- _Your instructions_
Repeat the records below exactly from the line containing "Wallpapers moscow skyscrapers" to the line containing "Model: Gabrielle works", taking in both of those lines. Drop the pictures.

- _Extracted data_
======

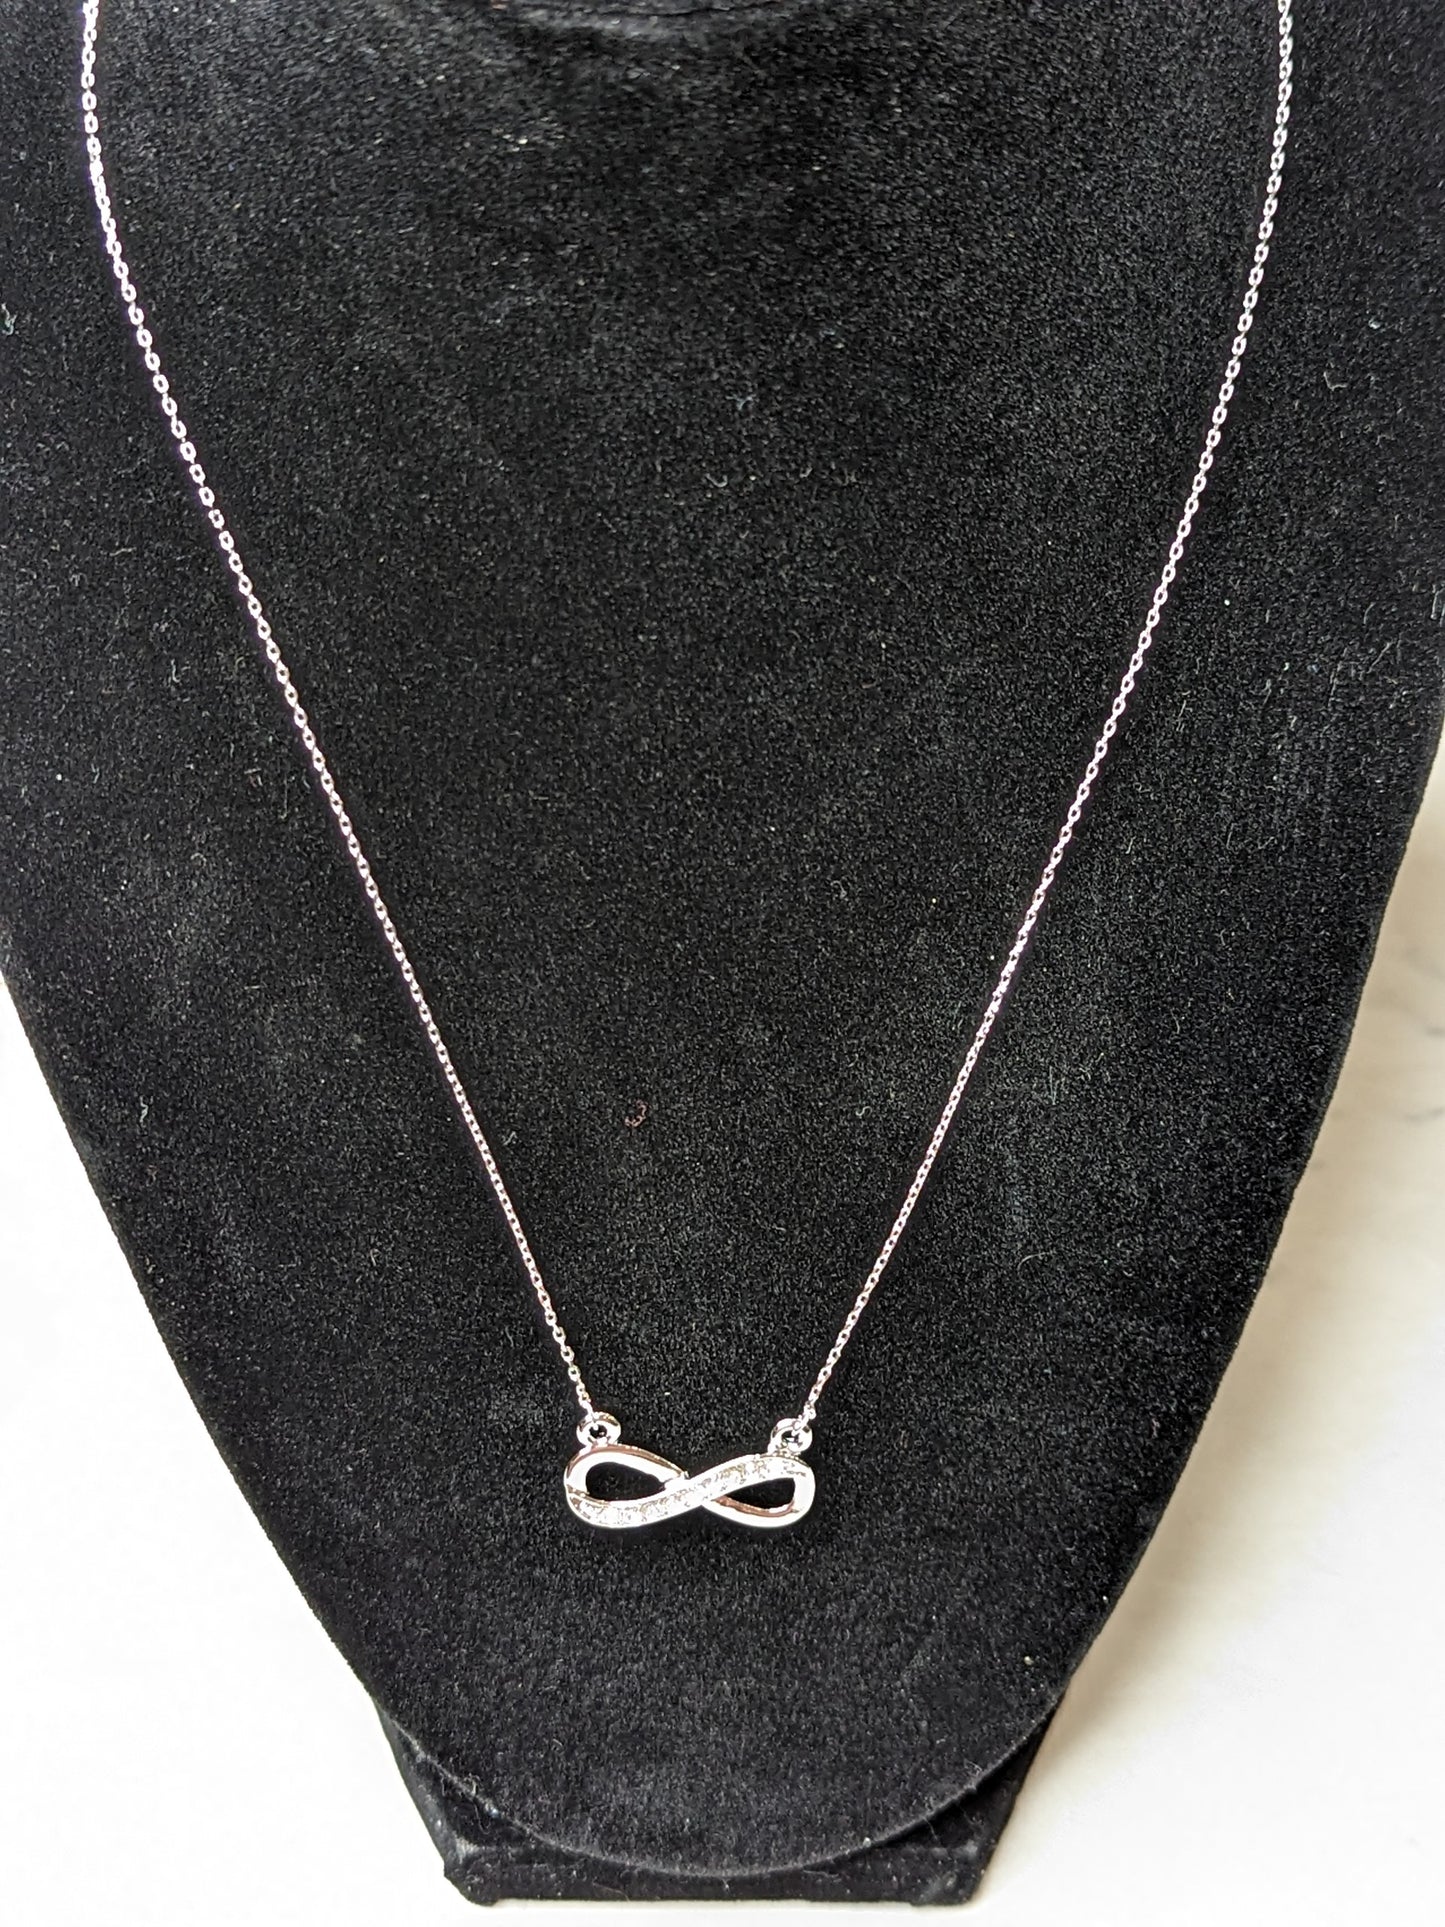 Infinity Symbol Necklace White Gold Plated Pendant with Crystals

======

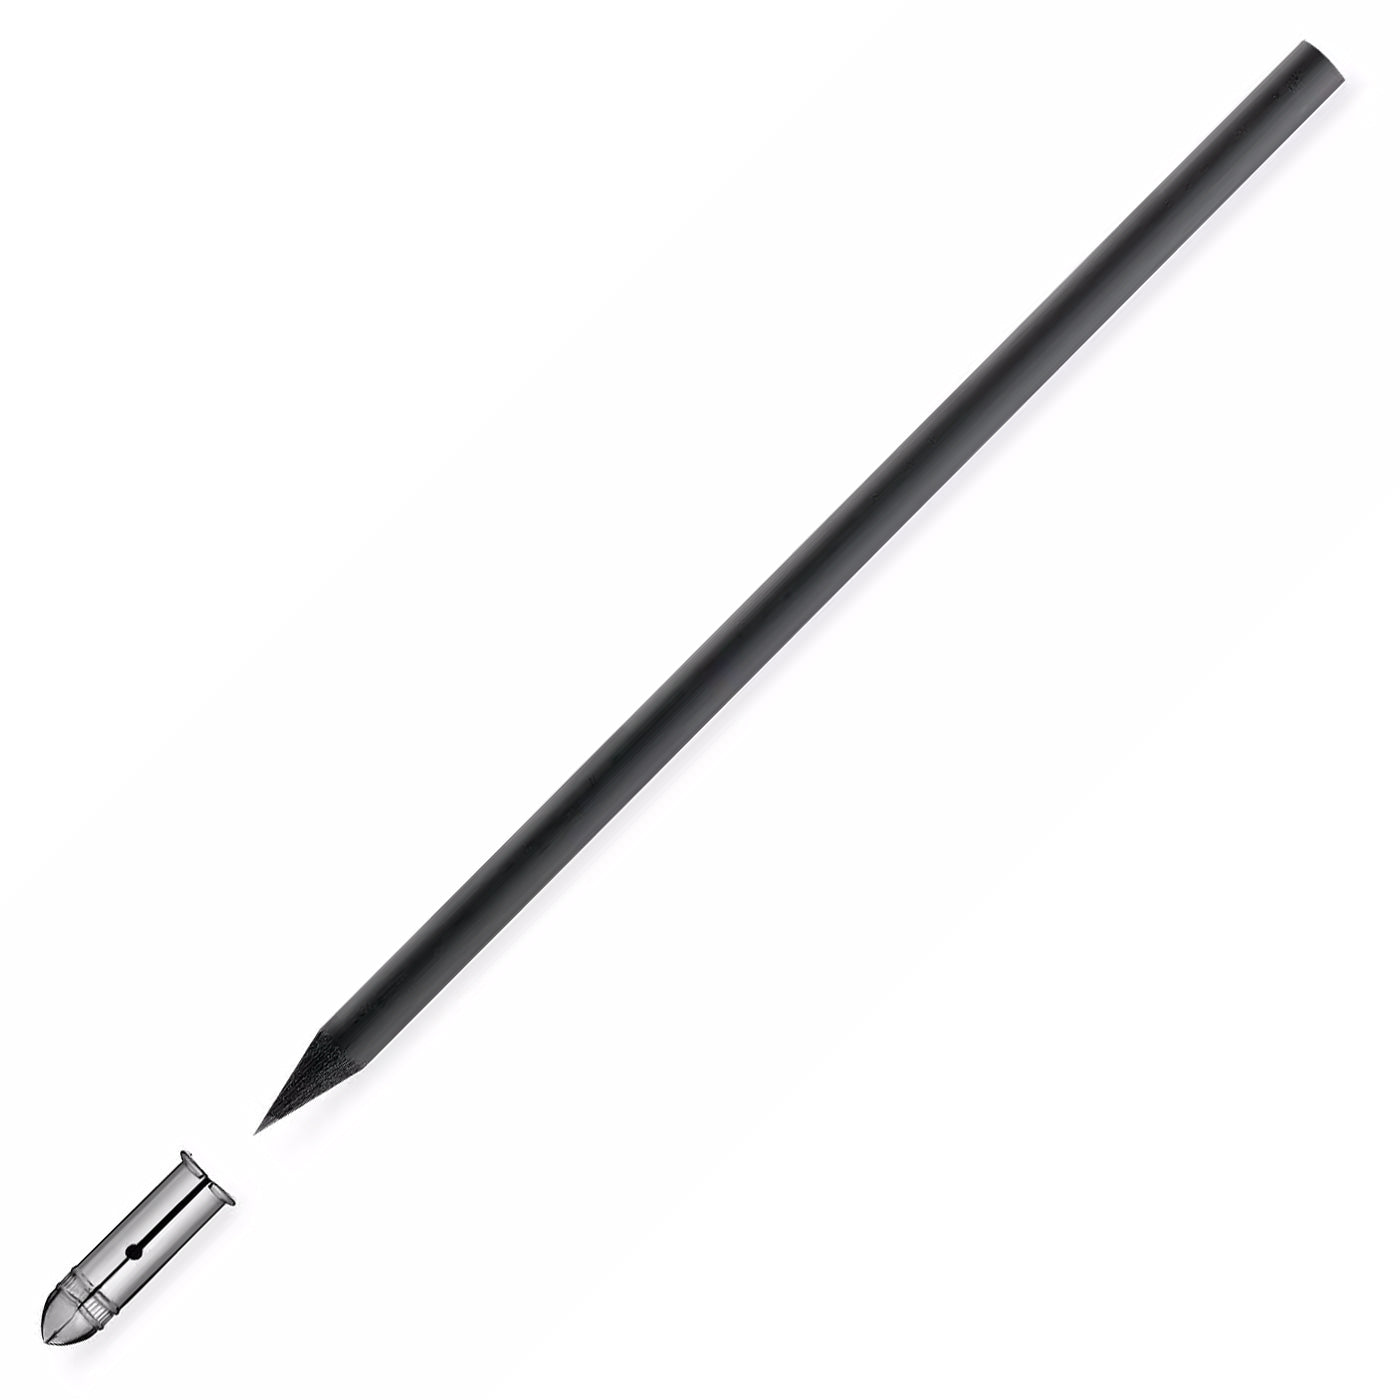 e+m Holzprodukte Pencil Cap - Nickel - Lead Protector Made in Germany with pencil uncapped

======

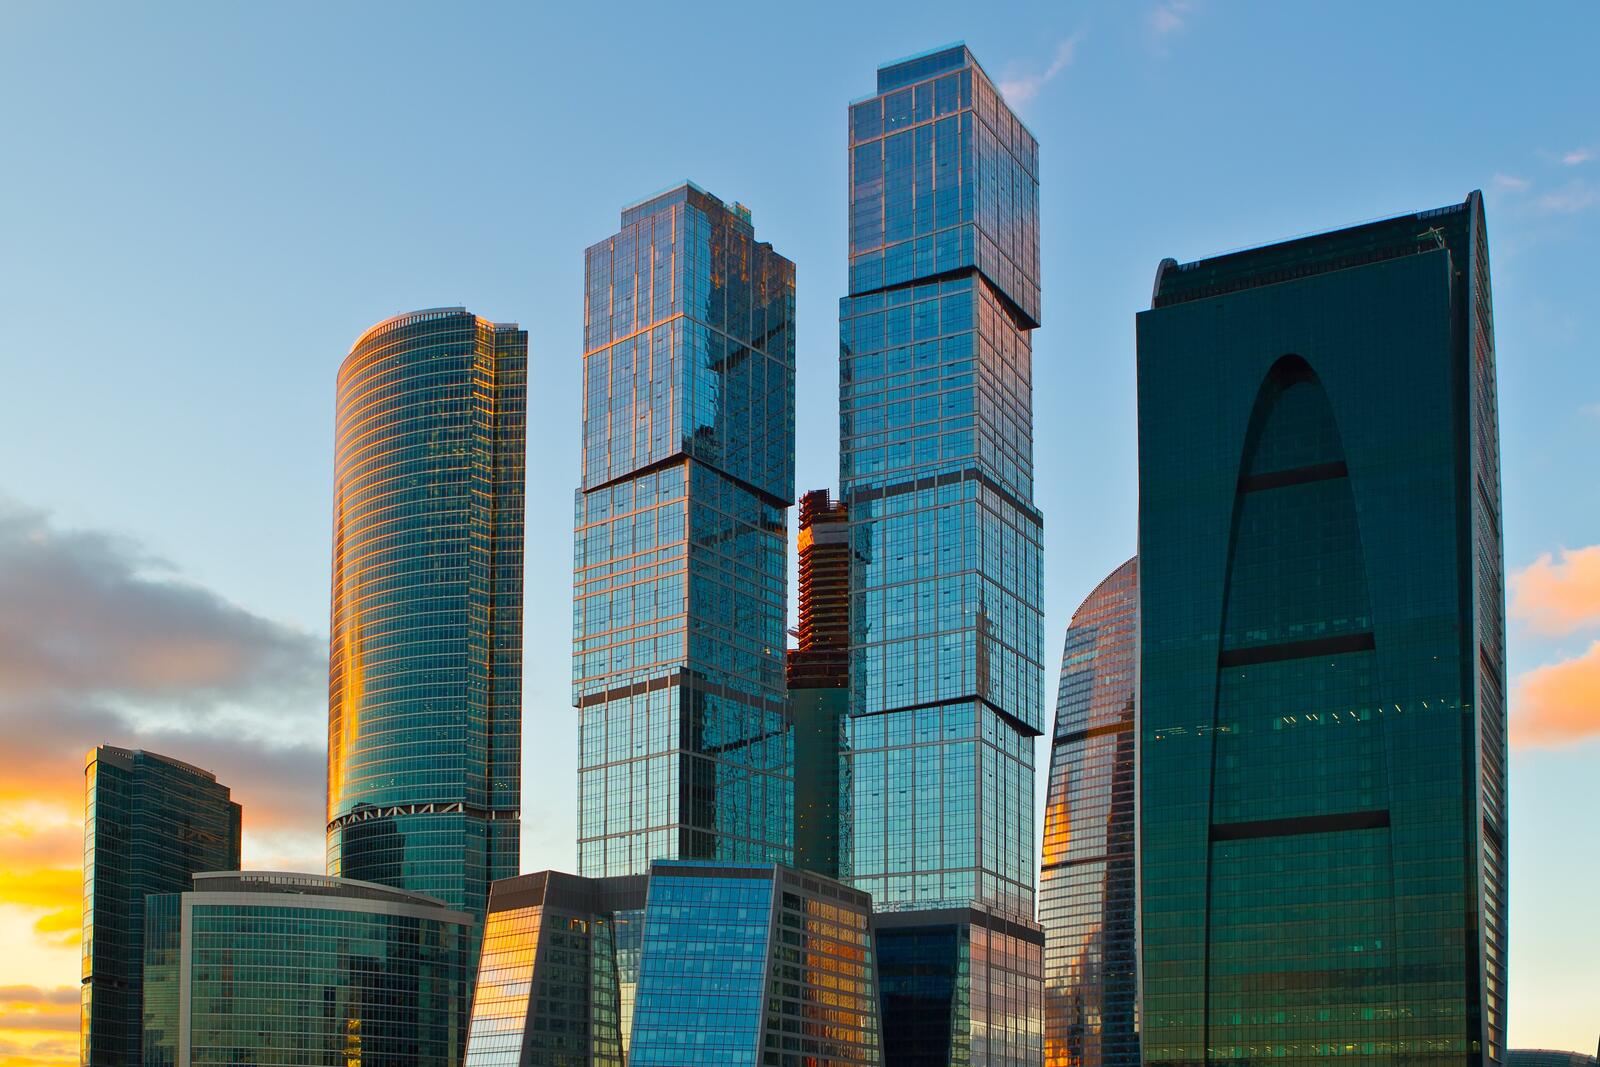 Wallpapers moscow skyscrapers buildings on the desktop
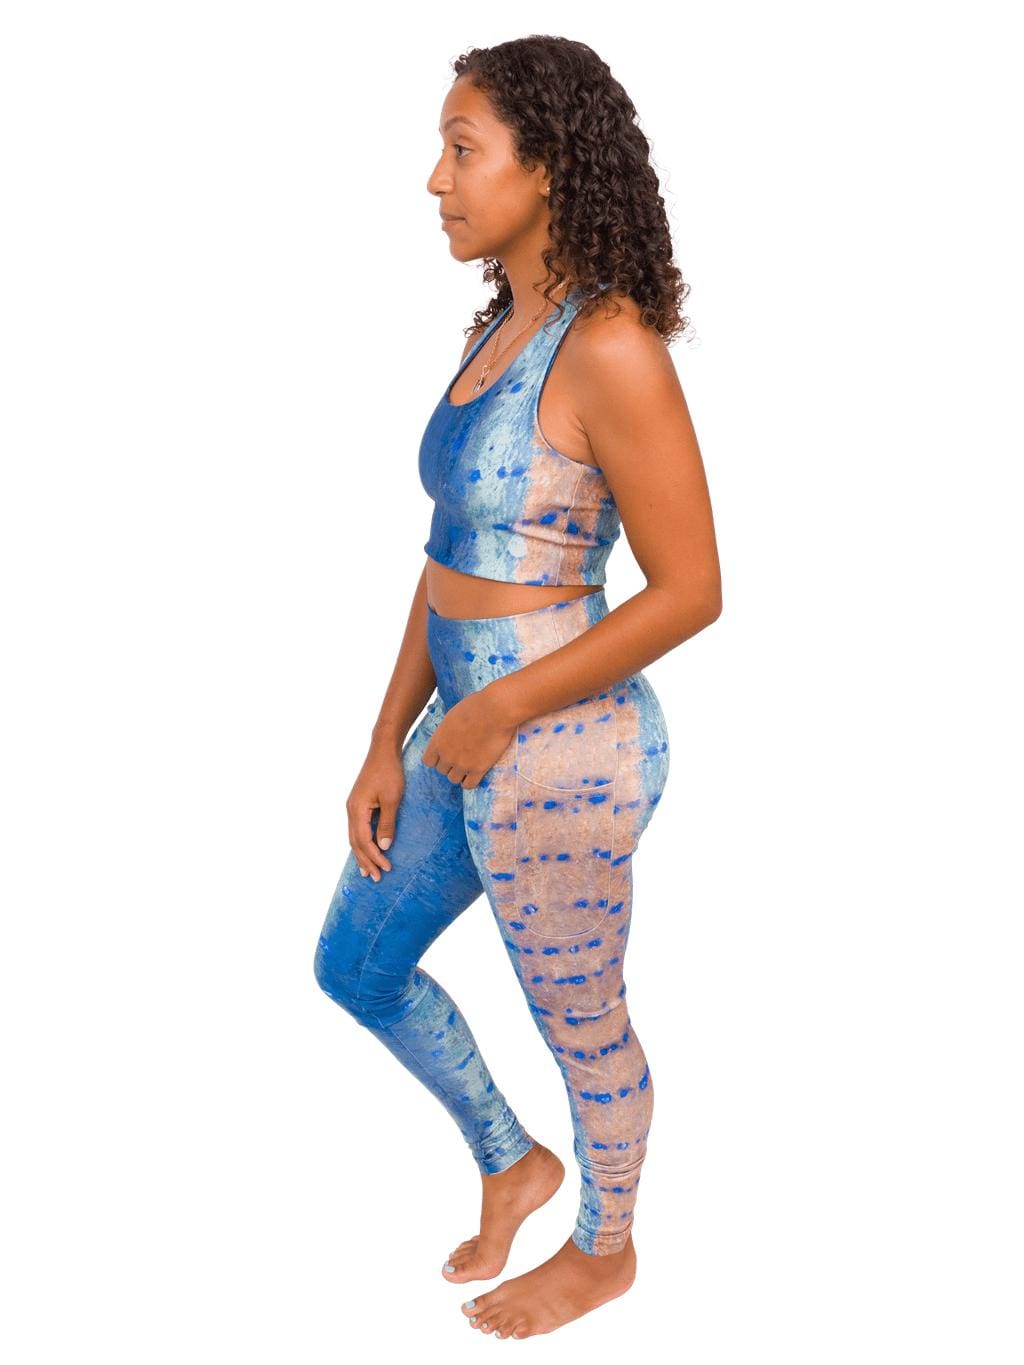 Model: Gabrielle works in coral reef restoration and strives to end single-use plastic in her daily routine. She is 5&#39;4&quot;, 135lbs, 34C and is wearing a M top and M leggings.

======

- _Exercise solution_
 Wallpapers moscow skyscrapers buildings on the desktop
 Model: Gabrielle works in coral reef restoration and strives to end single-use plastic in her daily routine. She is 5&#39;4&quot;, 135lbs, 34C and is wearing a M top and M leggings.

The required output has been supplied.